Usman Ahmed, CEO, Citi, Bahrain, Kuwait and Qatar
Usman Ahmed, Citi’s CEO for Bahrain, Kuwait and Qatar, discusses Bahrain’s importance as a banking hub
As Citi heads into its 50th year of operations in Bahrain, a key Saudi ally, Usman Ahmed, Citi’s Chief Executive Officer for Bahrain, Kuwait & Qatar stresses that the island nation remains a very important base for the global banking giant.
“Bahrain is very important for us, not just for our local business but also for the broader region,” says Ahmed. “In addition to having a full-fledged institutional and consumer banking franchise, we conduct our treasury operations for all of the Middle East and North Africa (MENA) region from Bahrain and a service hub for financial institution clients from across 11 countries is also based here.
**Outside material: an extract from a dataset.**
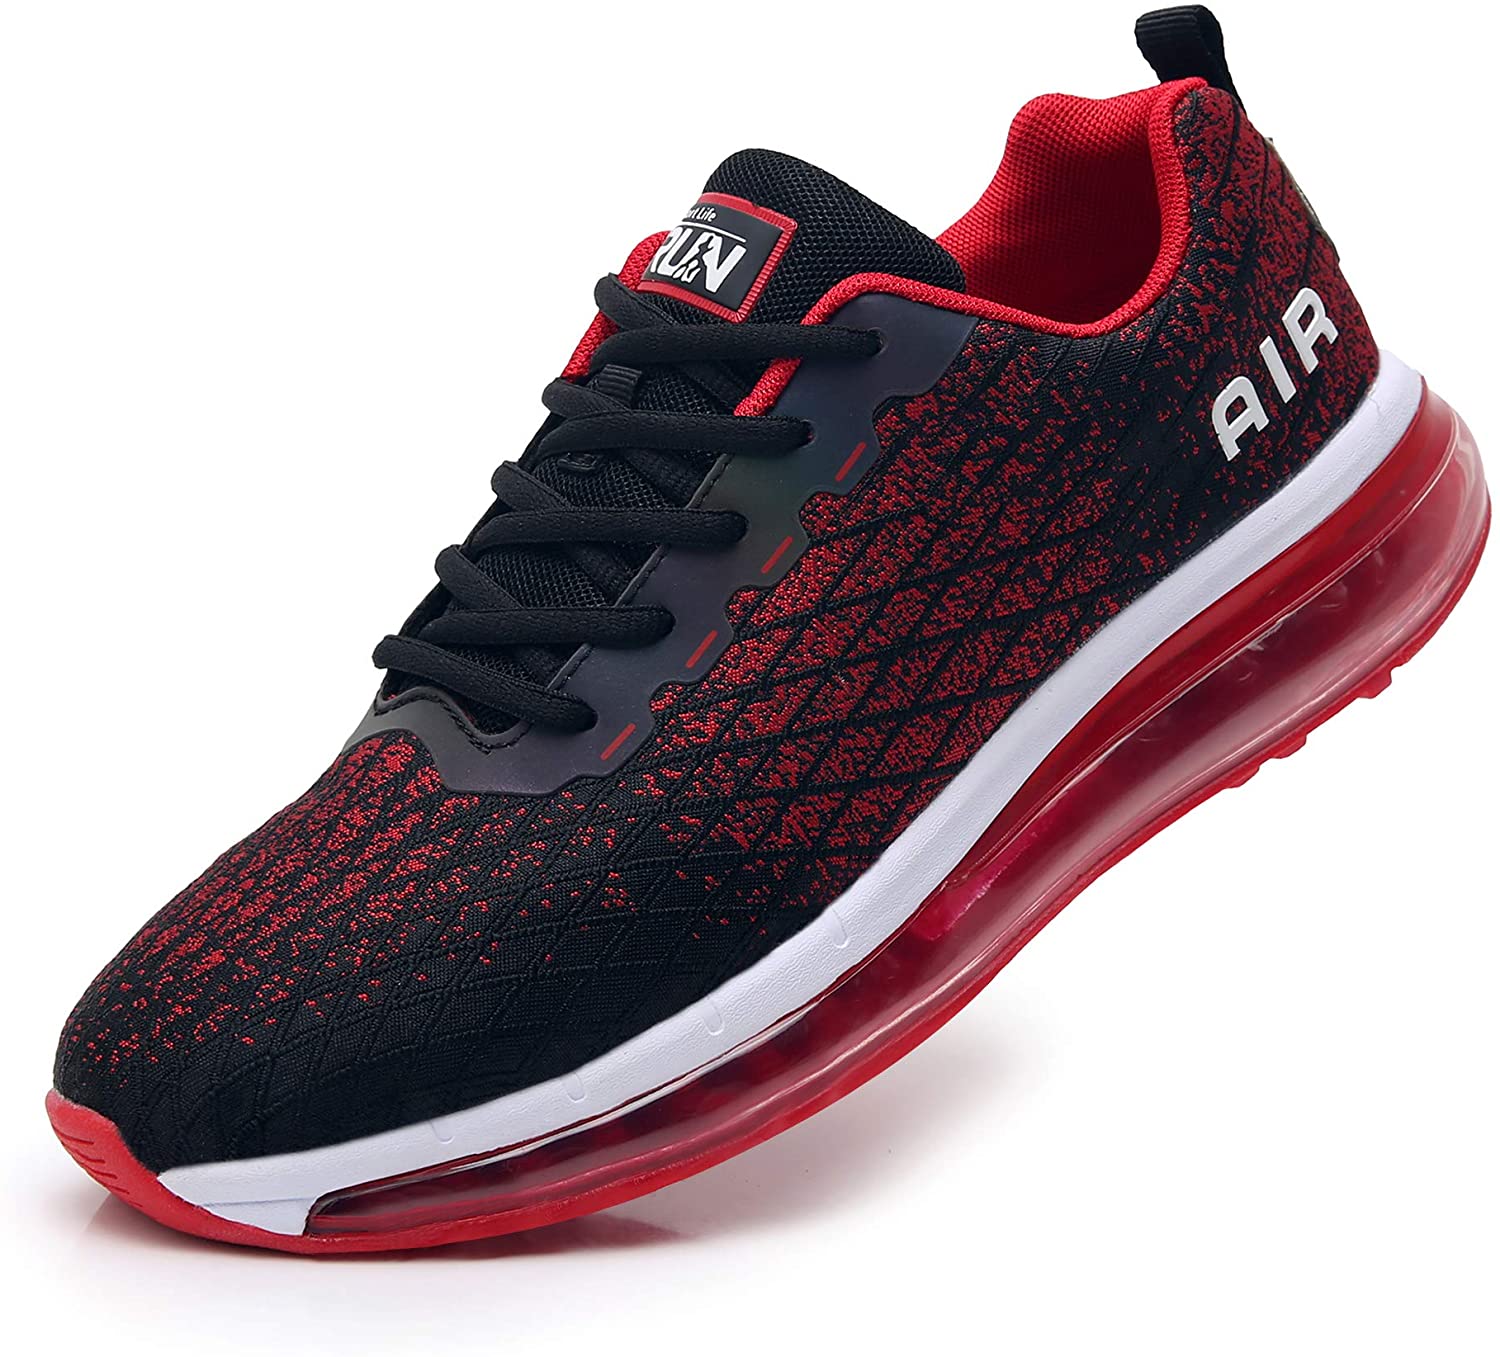 SuoKom Sneakers for Men Sport Running Shoes Athletic Tennis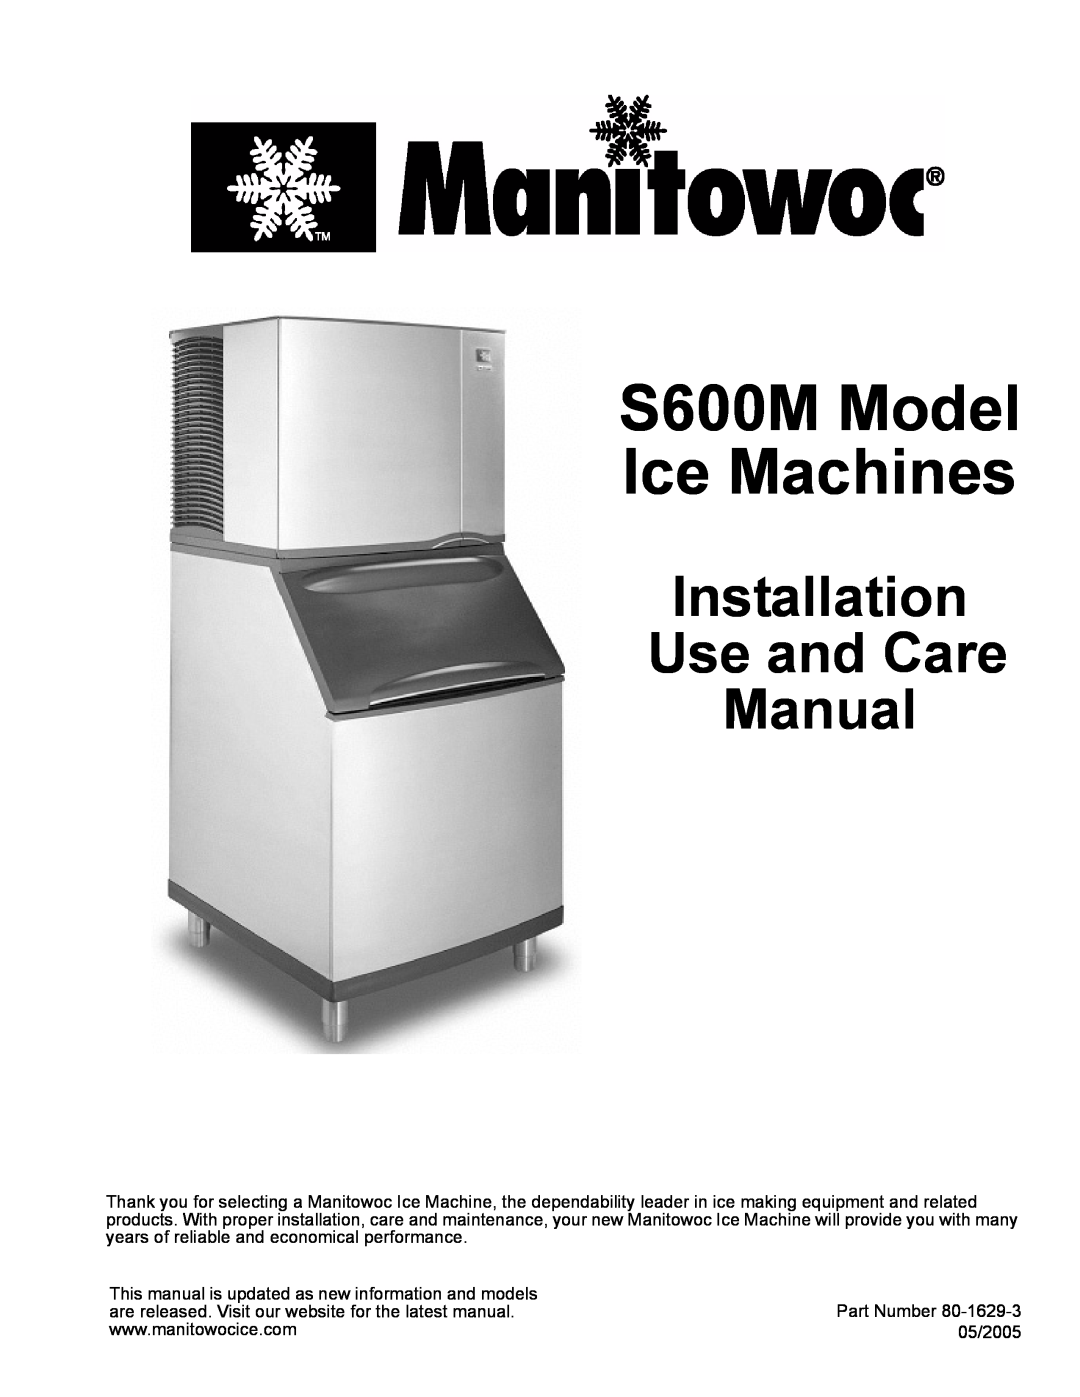 Manitowoc Ice manual S600M Model Ice Machines, Installation Use and Care Manual

And then, of course, we also have a call center which services consumer clients of the United Arab Emirates, in addition to Bahrain.”
Ahmed, who is also the Global Head of Citi’s Islamic Banking business, has been associated with the Bank for most of his 22-year career, barring three years at the end of the last decade, since taking up his first assignment in Pakistan, in 1996. Since then, he has also held various senior positions with Citi in Manila, Dubai, London and Hong Kong.
Having first been posted by Citi to Bahrain in 1999, Ahmed’s insight into the Gulf nation’s economy as well as Islamic banking – which, at one stage in the past decade, was said to be growing faster than conventional banking – is crucial, especially in the context of the reported sudden downturn in the region’s oil economy over the past three years.
“I feel that, even though there has been a macro-economic concern around the budget deficit that Bahrain has run over the last three years, the economy, as a whole, has been doing quite well and we see that in our own business,” he explains. “We have not had any stress in our portfolio as a result of the downturn in oil prices and we have not had any change in our strategy in the Country.”
In fact, says Ahmed, Gross Domestic Product (GDP) growth in Bahrain has been positive, as a whole. “The Country’s economy has had quite reasonable growth of over 3 percent per annum, but, within that figure, there has been faster growth in the non-oil sector of 7.5 percent per annum,” he adds.
Despite the change in the dynamic between Qatar and its neighbors over the last year, Ahmed says Citi’s commitment to its client base in the region remains unchanged. “We are present in 98 countries around the world,” he points out. “We do business in over 160 countries. So we are invariably exposed to different economic cycles and political events around the world. But we always remain focused on trying to deliver, for our clients, the best possible value proposition that we can have in any particular market. That has exactly been our stance in Bahrain, Kuwait and Qatar. So we have not really had to make any adjustments to our approach to serving our clients in these markets as a result of recent geopolitical events. Of course, we remain mindful of the environment in which we operate but, beyond that, I don’t think there has been any desire or move to change our focus on serving clients.”
Now, as Citi prepares to both celebrate its 50th anniversary in Bahrain next year and looks to consolidate further with an eye on the future, Ahmed says that, by investing heavily in technology, the bank is focused on improving its client experience. “We have upgraded our main operating platform for consumer banking and we have also been investing in our digital capabilities, so that will be a key area of focus for us,” he explains. “We want to be the best for our clients in every segment in which we operate.”